我们也可以通过手动构造的方式换成XLNet模型:


GPT-2、OpenAi-GPT、CTRL、XLNet、Transfo-XL和Reformer等模型都可以用于生成文本。根据XLNet-gen,XLNet通常需要padding一下才会达到比较好的效果,而GPT-2则不需要。关于文本生成更多细节,感兴趣的读者可以参考这篇博客

命名实体识别

这里把命名实体识别当成一个序列标注任务,对于CoNLL-2003任务,共有人名(Person)、地名(Location)、机构名(Organization)和其它(Miscellaneous)四类,使用B/I标签共有8个,加上其它标签共有9个:

  • O 当前Token不输于任何命名实体
  • B-MIS 其它类别命名实体的开始
  • I-MIS
  • B-PER
  • I-PER
  • B-LOC
  • I-LOC
  • B-ORG
  • I-ORG

下面是pipeline的用法:

from transformers import pipeline
nlp = pipeline("ner")
sequence = "Hugging Face Inc. is a company based in New York City. Its headquarters are in DUMBO, therefore very"
           "close to the Manhattan Bridge which is visible from the window."

执行结果为:

>>> print(nlp(sequence))
[
    {'word': 'Hu', 'score': 0.9995632767677307, 'entity': 'I-ORG'},
    {'word': '##gging', 'score': 0.9915938973426819, 'entity': 'I-ORG'},
    {'word': 'Face', 'score': 0.9982671737670898, 'entity': 'I-ORG'},
    {'word': 'Inc', 'score': 0.9994403719902039, 'entity': 'I-ORG'},
    {'word': 'New', 'score': 0.9994346499443054, 'entity': 'I-LOC'},
    {'word': 'York', 'score': 0.9993270635604858, 'entity': 'I-LOC'},
    {'word': 'City', 'score': 0.9993864893913269, 'entity': 'I-LOC'},
    {'word': 'D', 'score': 0.9825621843338013, 'entity': 'I-LOC'},
    {'word': '##UM', 'score': 0.936983048915863, 'entity': 'I-LOC'},
    {'word': '##BO', 'score': 0.8987102508544922, 'entity': 'I-LOC'},
    {'word': 'Manhattan', 'score': 0.9758241176605225, 'entity': 'I-LOC'},
    {'word': 'Bridge', 'score': 0.990249514579773, 'entity': 'I-LOC'}
]

摘要

pipeline的代码为:

from transformers import pipeline
summarizer = pipeline("summarization")
ARTICLE = """ New York (CNN)When Liana Barrientos was 23 years old, she got married in Westchester County, New York.
A year later, she got married again in Westchester County, but to a different man and without divorcing her first husband.
Only 18 days after that marriage, she got hitched yet again.

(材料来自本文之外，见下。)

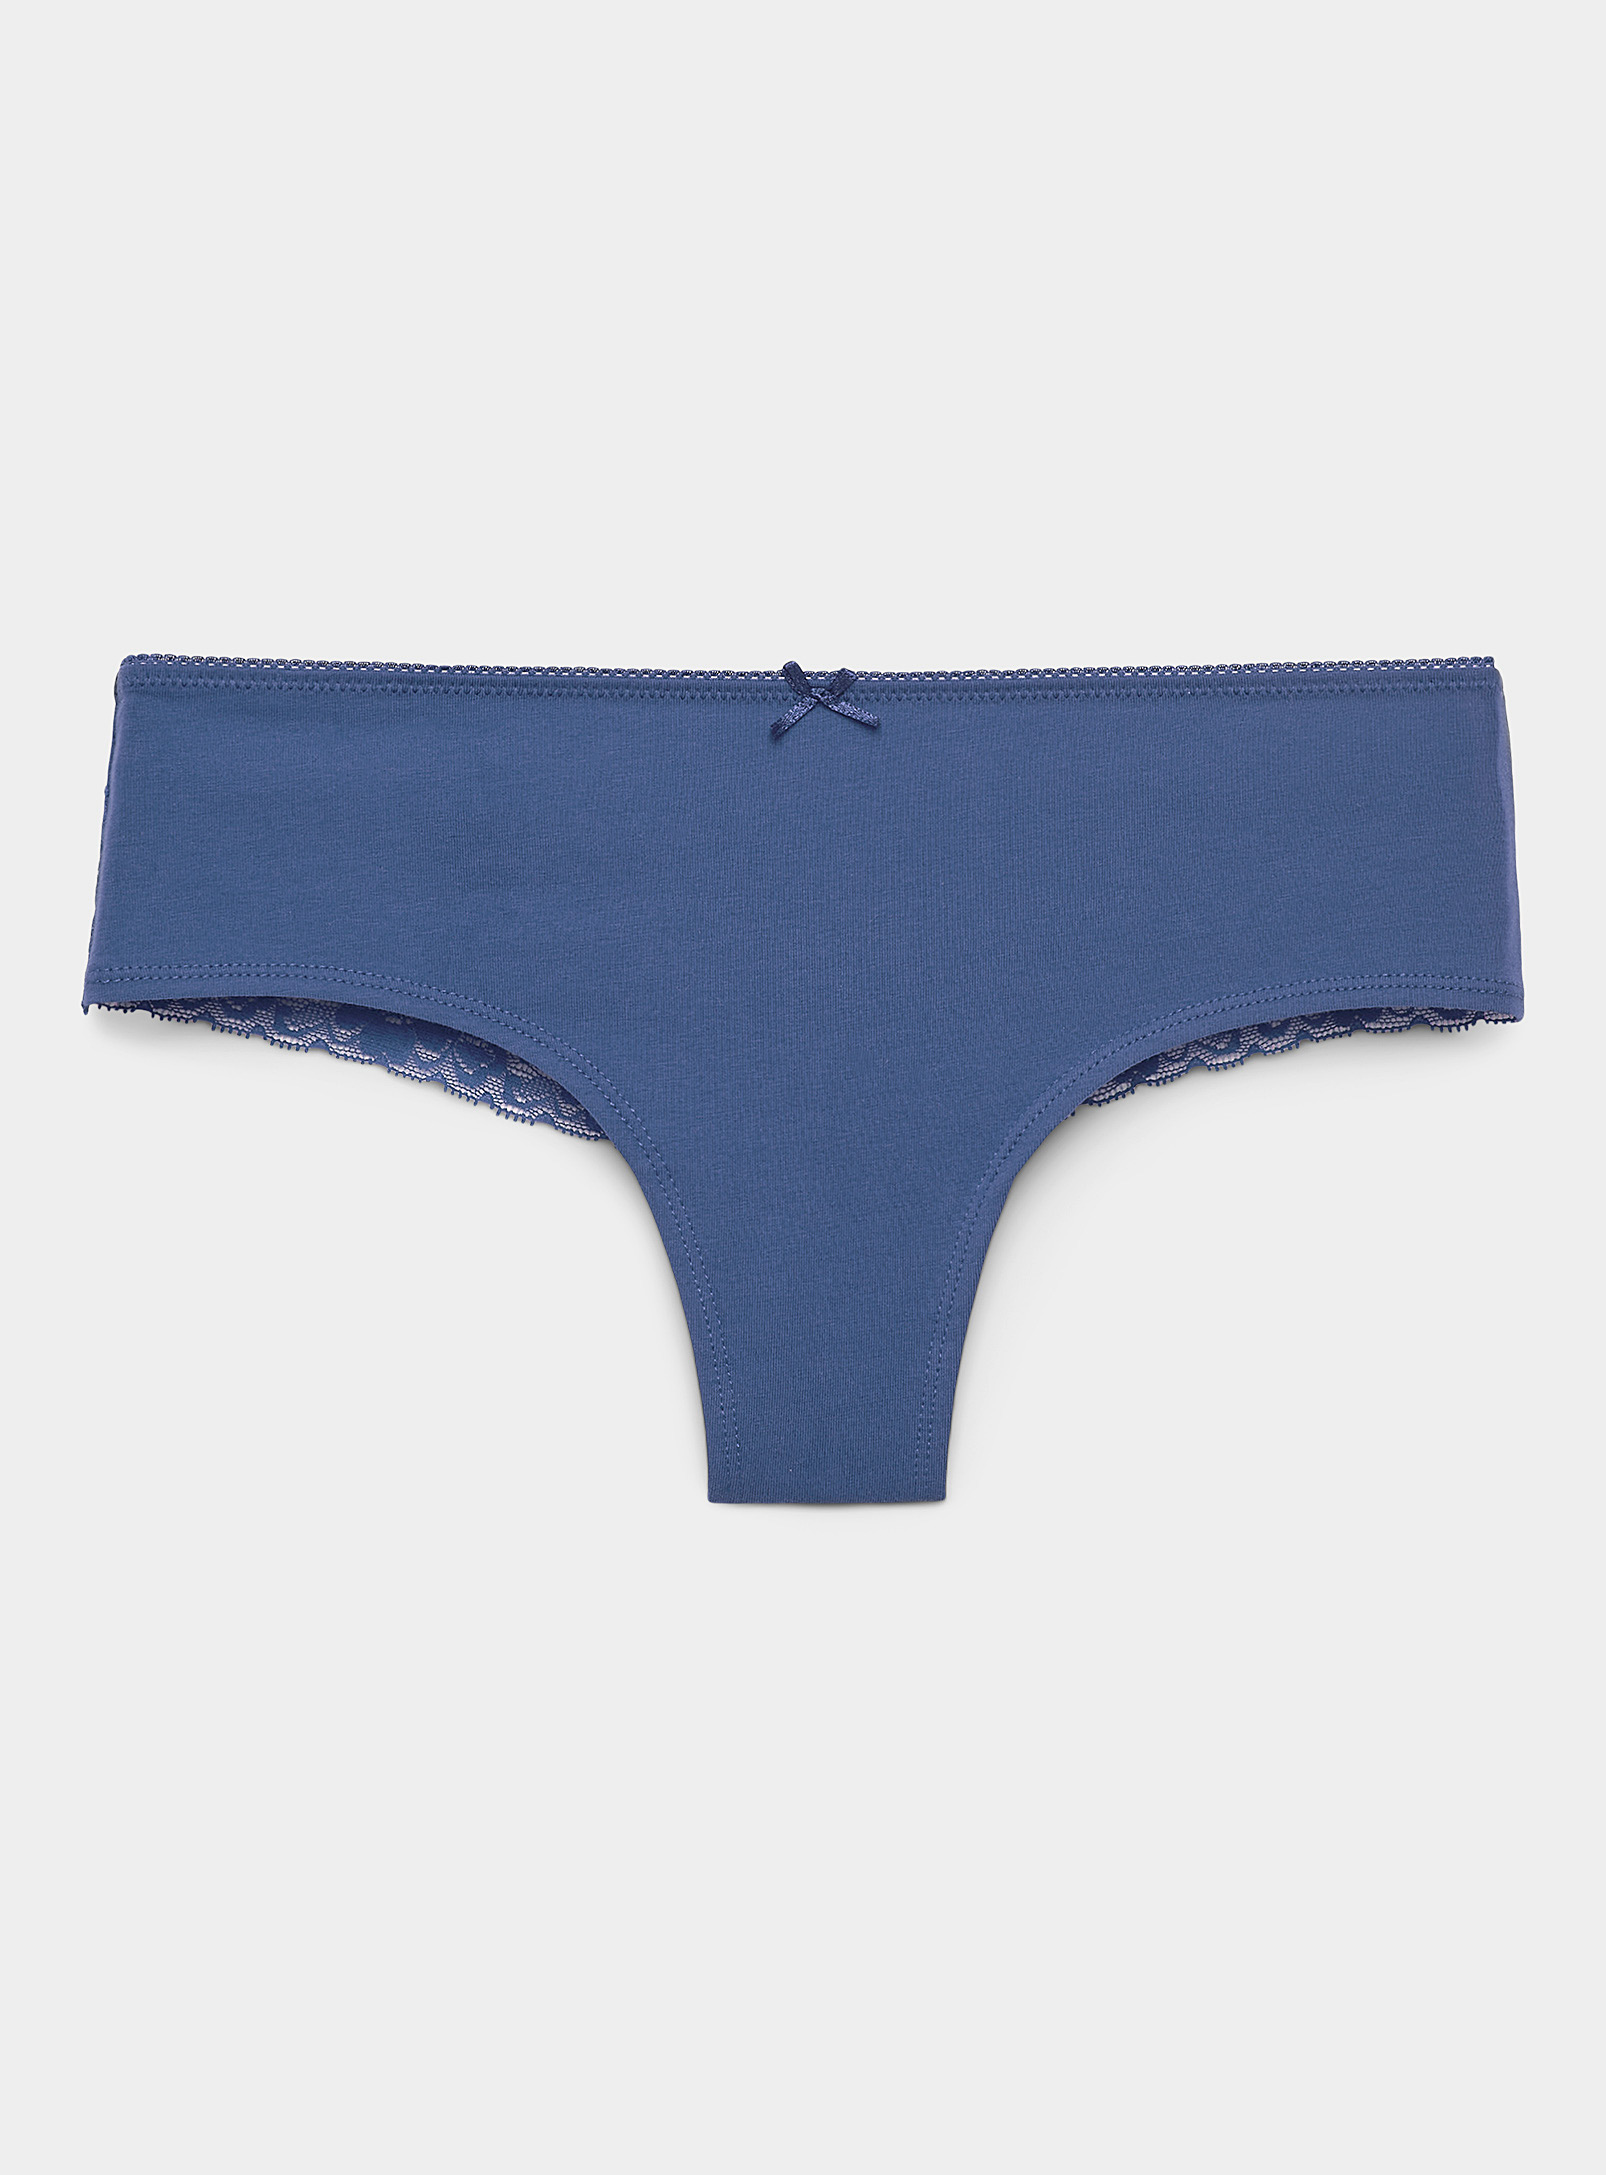 Miiyu Lace Band Cotton Brazilian Panty In Slate Blue

Then, Barrientos declared "I do" five more times, sometimes only within two weeks of each other.
In 2010, she married once more, this time in the Bronx. In an application for a marriage license, she stated it was her "first and only" marriage.
Barrientos, now 39, is facing two criminal counts of "offering a false instrument for filing in the first degree," referring to her false statements on the
2010 marriage license application, according to court documents.
Prosecutors said the marriages were part of an immigration scam.
On Friday, she pleaded not guilty at State Supreme Court in the Bronx, according to her attorney, Christopher Wright, who declined to comment further.
After leaving court, Barrientos was arrested and charged with theft of service and criminal trespass for allegedly sneaking into the New York subway through an emergency exit, said Detective
Annette Markowski, a police spokeswoman. In total, Barrientos has been married 10 times, with nine of her marriages occurring between 1999 and 2002.
All occurred either in Westchester County, Long Island, New Jersey or the Bronx. She is believed to still be married to four men, and at one time, she was married to eight men at once, prosecutors say.
Prosecutors said the immigration scam involved some of her husbands, who filed for permanent residence status shortly after the marriages.
Any divorces happened only after such filings were approved. It was unclear whether any of the men will be prosecuted.
The case was referred to the Bronx District Attorney\'s Office by Immigration and Customs Enforcement and the Department of Homeland Security\'s
Investigation Division. Seven of the men are from so-called "red-flagged" countries, including Egypt, Turkey, Georgia, Pakistan and Mali.
Her eighth husband, Rashid Rajput, was deported in 2006 to his native Pakistan after an investigation by the Joint Terrorism Task Force.
If convicted, Barrientos faces up to four years in prison.  Her next court appearance is scheduled for May 18.
"""

>>> print(summarizer(ARTICLE, max_length=130, min_length=30, do_sample=False))
[{'summary_text': 'Liana Barrientos, 39, is charged with two counts of "offering a false instrument for filing in the first degree" In total, she has been married 10 times, with nine of her marriages occurring between 1999 and 2002. She is believed to still be married to four men.'}]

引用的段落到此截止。